This topic describes how to ship data from Log Service to OSS and store the data in the Parquet format.

Configuration parameters

You can set the storage format of data that is shipped to OSS. The following figure shows how to set the storage format to Parquet. For more information, see Configure a data shipping rule. Parquet keys

The following table describes the configuration parameters in the preceding figure.

Parameter Description
Key Name The name of the log field that you want to ship to OSS. You can view log fields on the Raw Logs tab of a Logstore. You can also enter the names of the fields that you want to ship to OSS in the Key Name column. When the fields are shipped to OSS, they are stored in the Parquet format in the order that the field names are entered. The names of the fields are the column names in OSS. The log fields that you can ship to OSS include the fields in the log content and the reserved fields such as __time__, _topic__, and __source__. For more information about reserved fields, see Reserved fields. The value of a field in the Parquet format is null in the following two scenarios:
  • The field does not exist in logs.
  • The value of the field fails to be converted from the string type to a non-string type, for example, double or Int64.
Note The keys that you enter in the Parquet Keys field must be unique.
Type The Parquet storage format supports six data types: string, Boolean, Int32, Int64, float, and double.
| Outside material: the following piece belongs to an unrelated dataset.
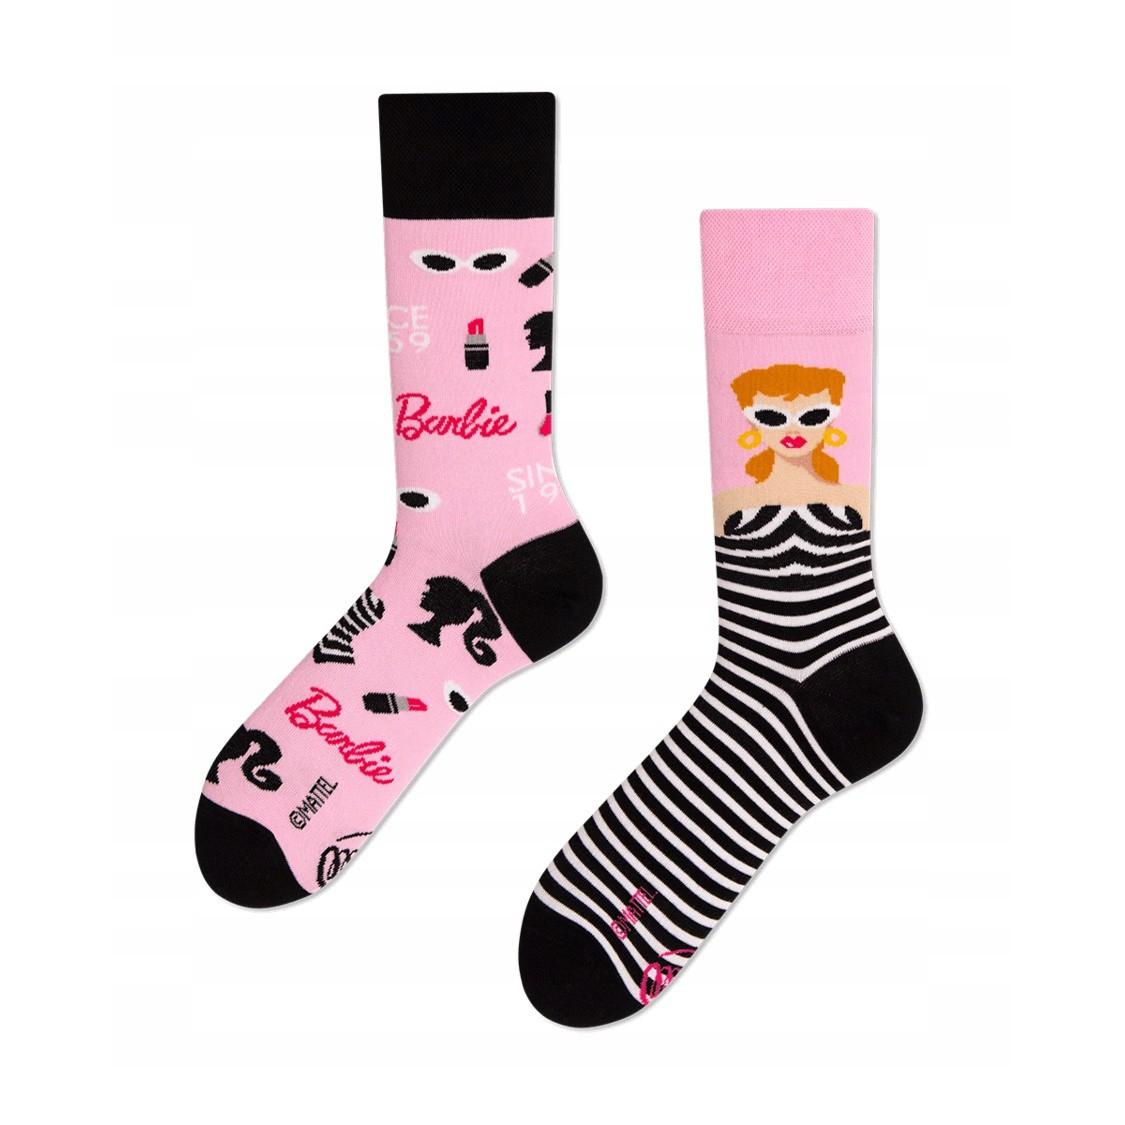 veselé ponožky BARBIE móda modelka 43-46 farebné megamix.sk

Log fields are converted from the string type to a data type that the Parquet storage format supports. If the data type of a log field fails to be converted, the value of the log field is null.

Directories in OSS buckets

The following table lists the directories in OSS buckets that store data shipped from Log Service.
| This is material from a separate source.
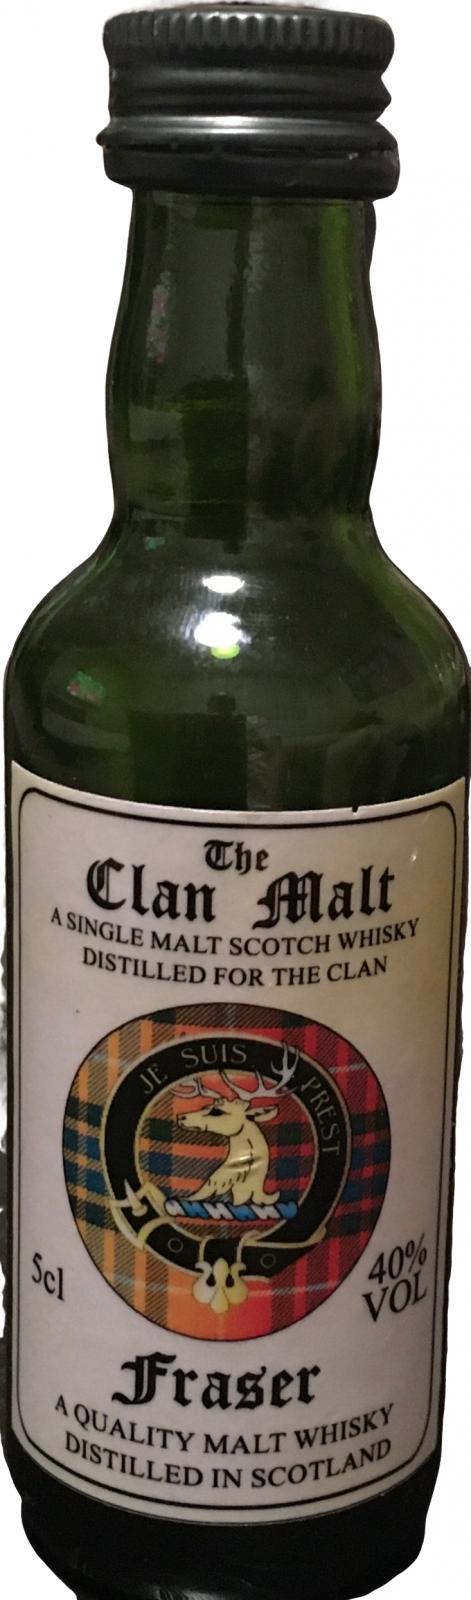 The Clan Malt Fraser ScCr

Compressed File extension Example Description
No .parquet oss://oss-shipper-shenzhen/ecs_test/2016/01/26/20/54_1453812893059571256_937.parquet After you download the OSS buckets to the local server, you can use the parquet-tools utility to open the buckets. For more information about the parquet-tools utility, visit parquet-tools.
Yes (compressed by using Snappy) .snappy.parquet oss://oss-shipper-shenzhen/ecs_test/2016/01/26/20/54_1453812893059571256_937.snappy.parquet After you download the OSS buckets to the local server, you can use the parquet-tools utility to open the buckets. For more information about the parquet-tools utility, visit parquet-tools.

Data consumption

  • You can use E-MapReduce, Spark, and Hive to consume data. For more information, visit LanguageManual DDL.
  • You can use inspection tools to consume data.
    The parquet-tools utility can be used to inspect Parquet files, view the schema of the data stored in the files, and read the data. You can compile the utility or download the parquet-tools-1.6.0rc3-SNAPSHOT utility that Log Service provides to consume data.
    • To view the schema of the data stored in a Parquet file, use the following sample code:
      $ java -jar parquet-tools-1.6.0rc3-SNAPSHOT.jar schema -d 00_1490803532136470439_124353.snappy.parquet | head -n 30
      message schema {
        optional int32 __time__;
        optional binary ip;
        optional binary __source__;
        optional binary method;
        optional binary __topic__;
        optional double seq;
        optional int64 status;
        optional binary time;
        optional binary url;
        optional boolean ua;
      }
      creator: parquet-cpp version 1.0.0
      file schema: schema
      --------------------------------------------------------------------------------
      __time__: OPTIONAL INT32 R:0 D:1
      ip: OPTIONAL BINARY R:0 D:1
      .......
    • To view the data stored in a Parquet file, use the following sample code:
      $ java -jar parquet-tools-1.6.0rc3-SNAPSHOT.jar head -n 2 00_1490803532136470439_124353.snappy.parquet
      __time__ = 1490803230
      ip = 10.200.98.220
      __source__ = *. *. *.*
      method = POST
      __topic__ =
      seq = 1667821.0
      status = 200
      time = 30/Mar/2017:00:00:30 +0800
      url = /PutData? Category=YunOsAccountOpLog&AccessKeyId=*************&Date=Fri%2C%2028%20Jun%202013%2006%3A53%3A30%20GMT&Topic=raw&Signature=********************************* HTTP/1.1
      __time__ = 1490803230
      ip = 10.200.98.220
      __source__ = *. *. *.*
      method = POST
      __topic__ =
      seq = 1667822.0
      status = 200
      time = 30/Mar/2017:00:00:30 +0800
      url = /PutData? Category=YunOsAccountOpLog&AccessKeyId=*************&Date=Fri%2C%2028%20Jun%202013%2006%3A53%3A30%20GMT&Topic=raw&Signature=********************************* HTTP/1.1

    For more information, run the java -jar parquet-tools-1.6.0rc3-SNAPSHOT.jar -h command.